* Task prompt:
Restate every line below word for word, but drop each picture.

* Supplied data:

----

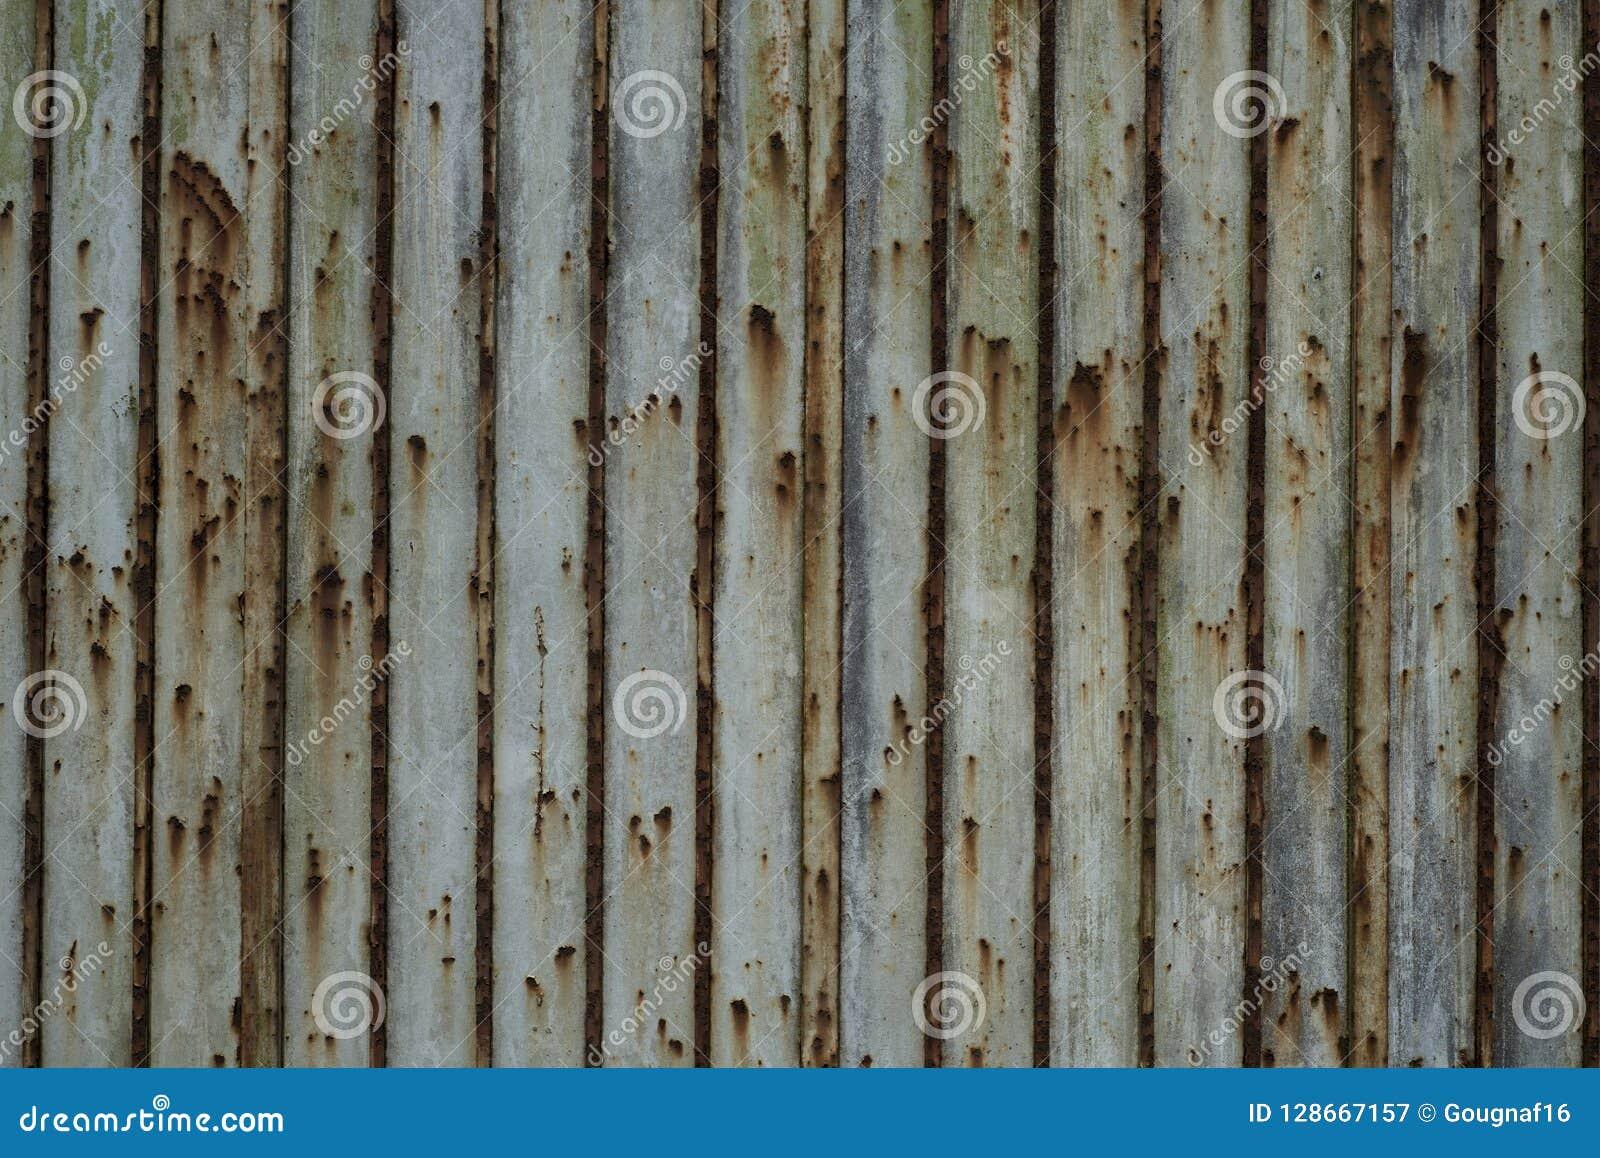 Contexte De Rideau De Fer Rouille Image Stock Image Du Systemes
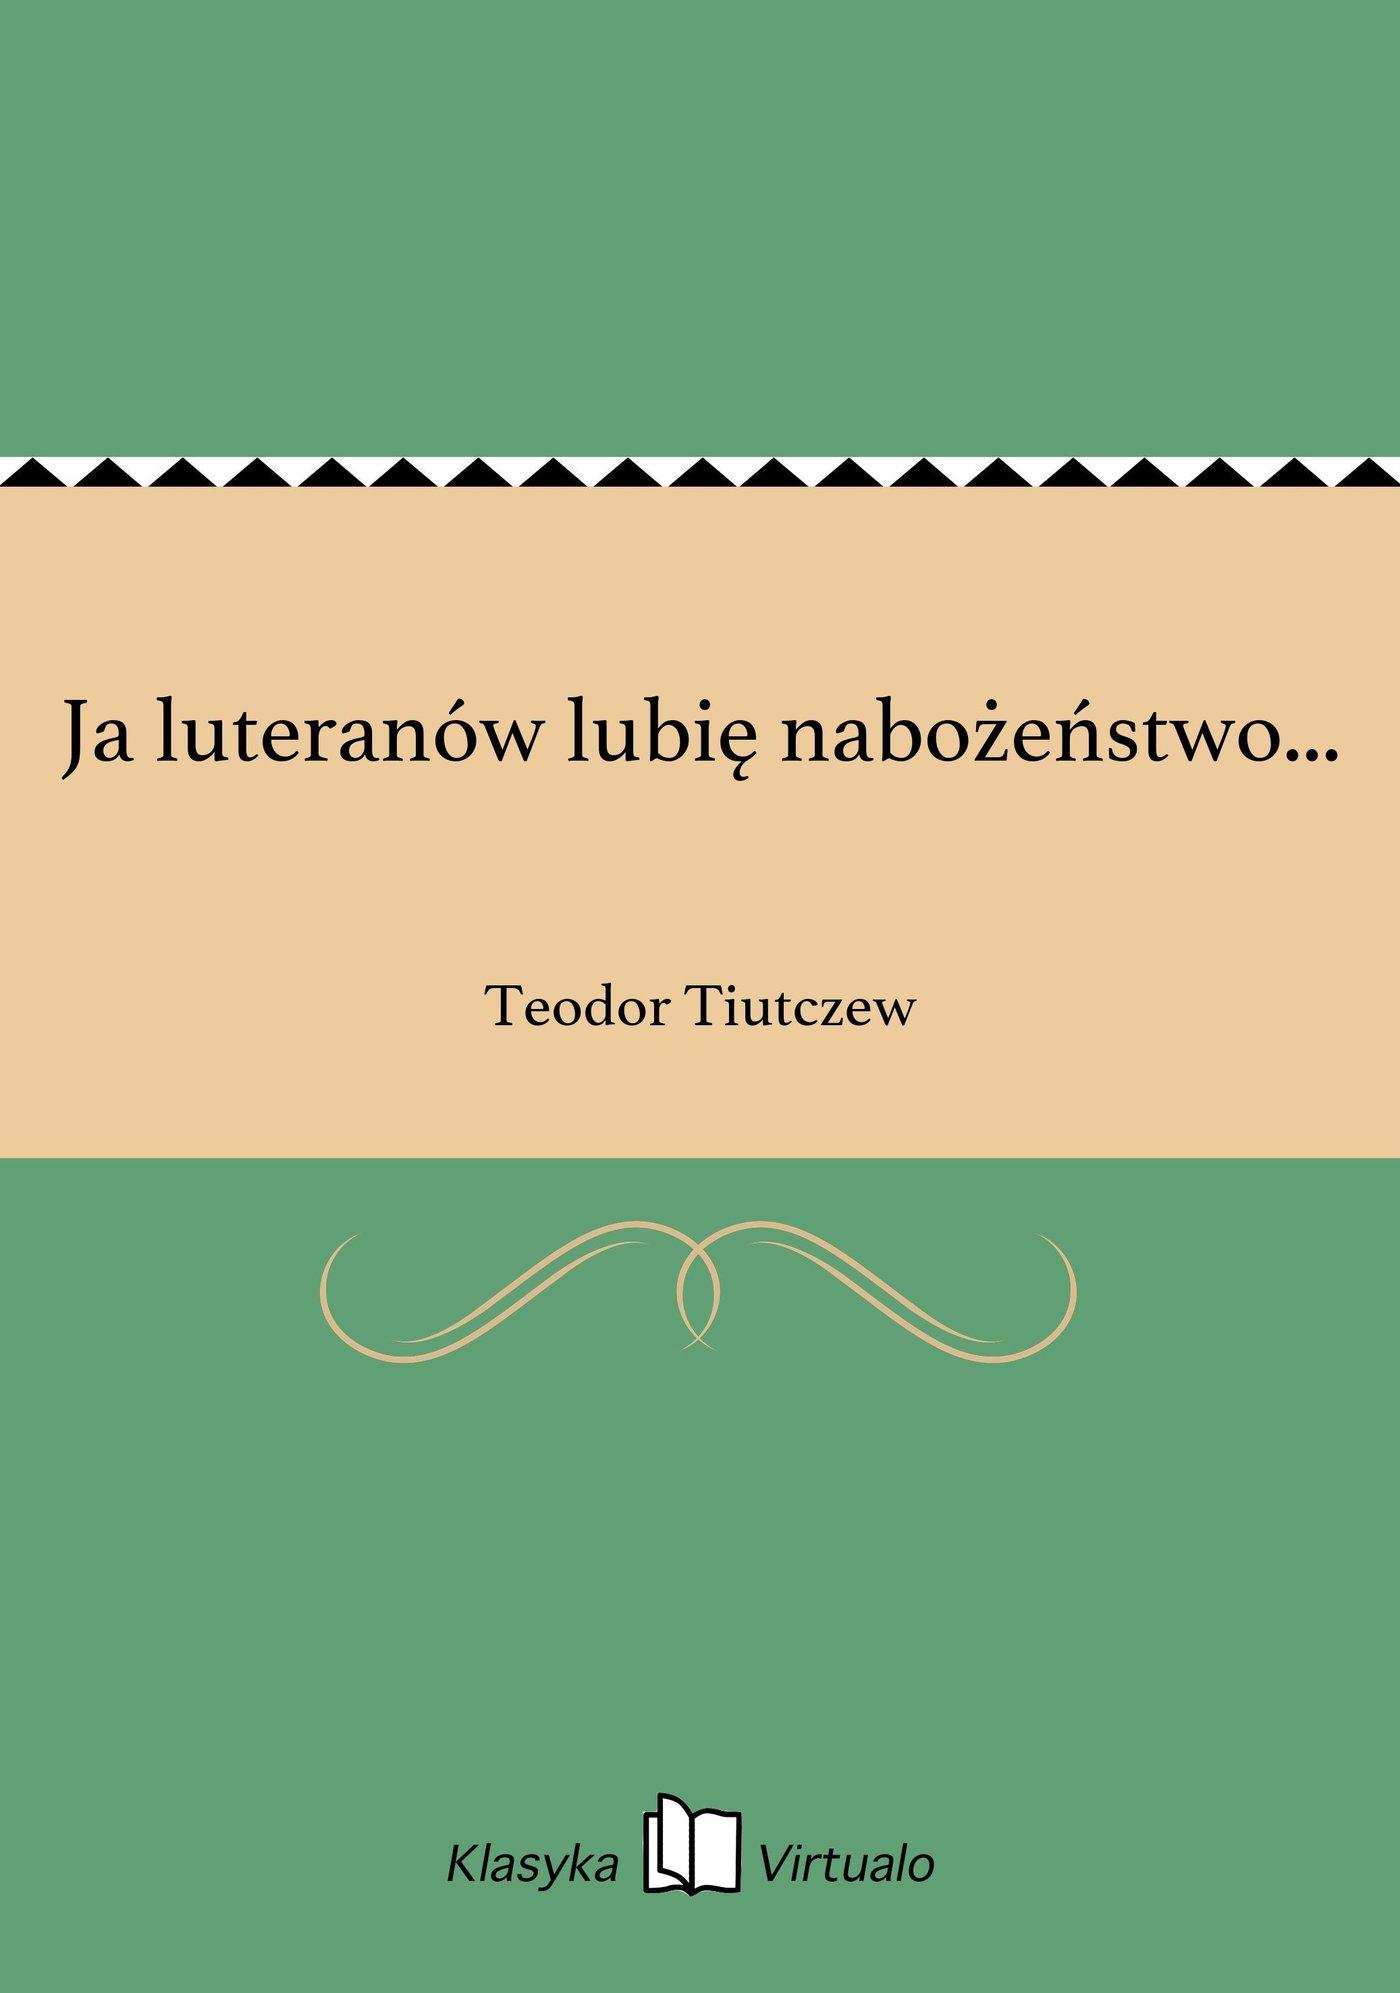 Ja luteranów lubię nabożeństwo... - Ebook (Książka EPUB) do pobrania w formacie EPUB
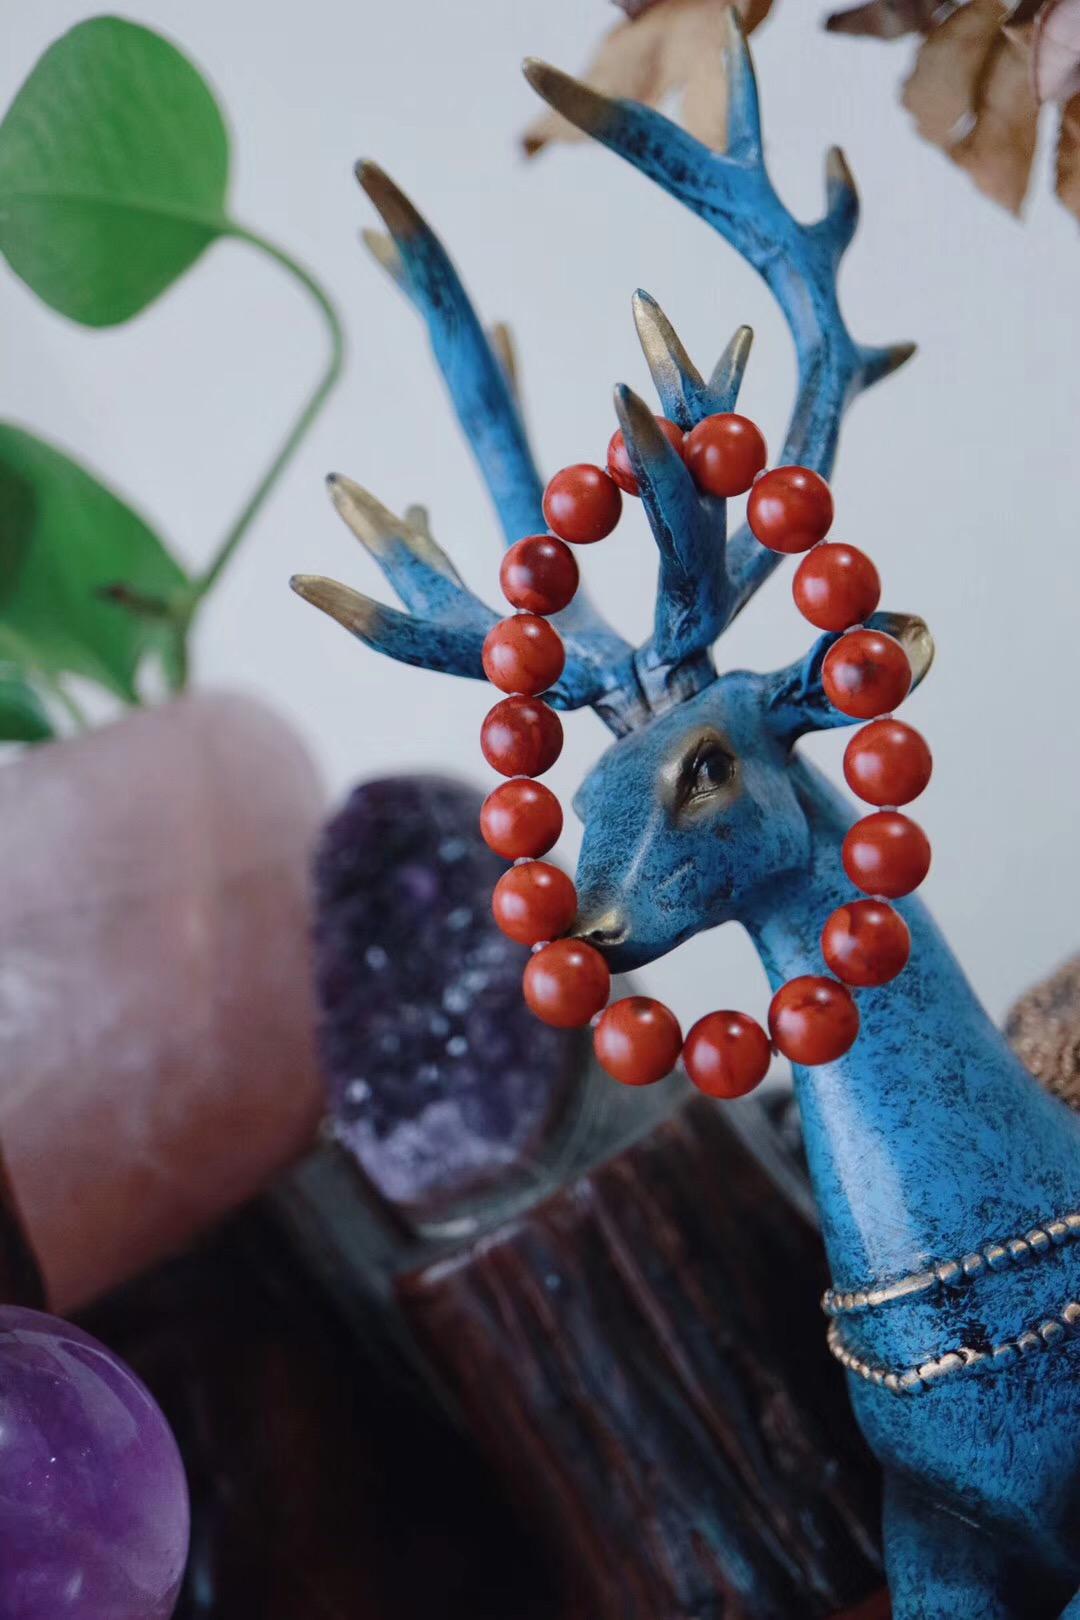 【包浆南红玛瑙】一抹岁月红,几多风情骨~-菩心晶舍

----

* Task response:
 Contexte De Rideau De Fer Rouille Image Stock Image Du Systemes
 Ja luteranów lubię nabożeństwo... - Ebook (Książka EPUB) do pobrania w formacie EPUB
 【包浆南红玛瑙】一抹岁月红,几多风情骨~-菩心晶舍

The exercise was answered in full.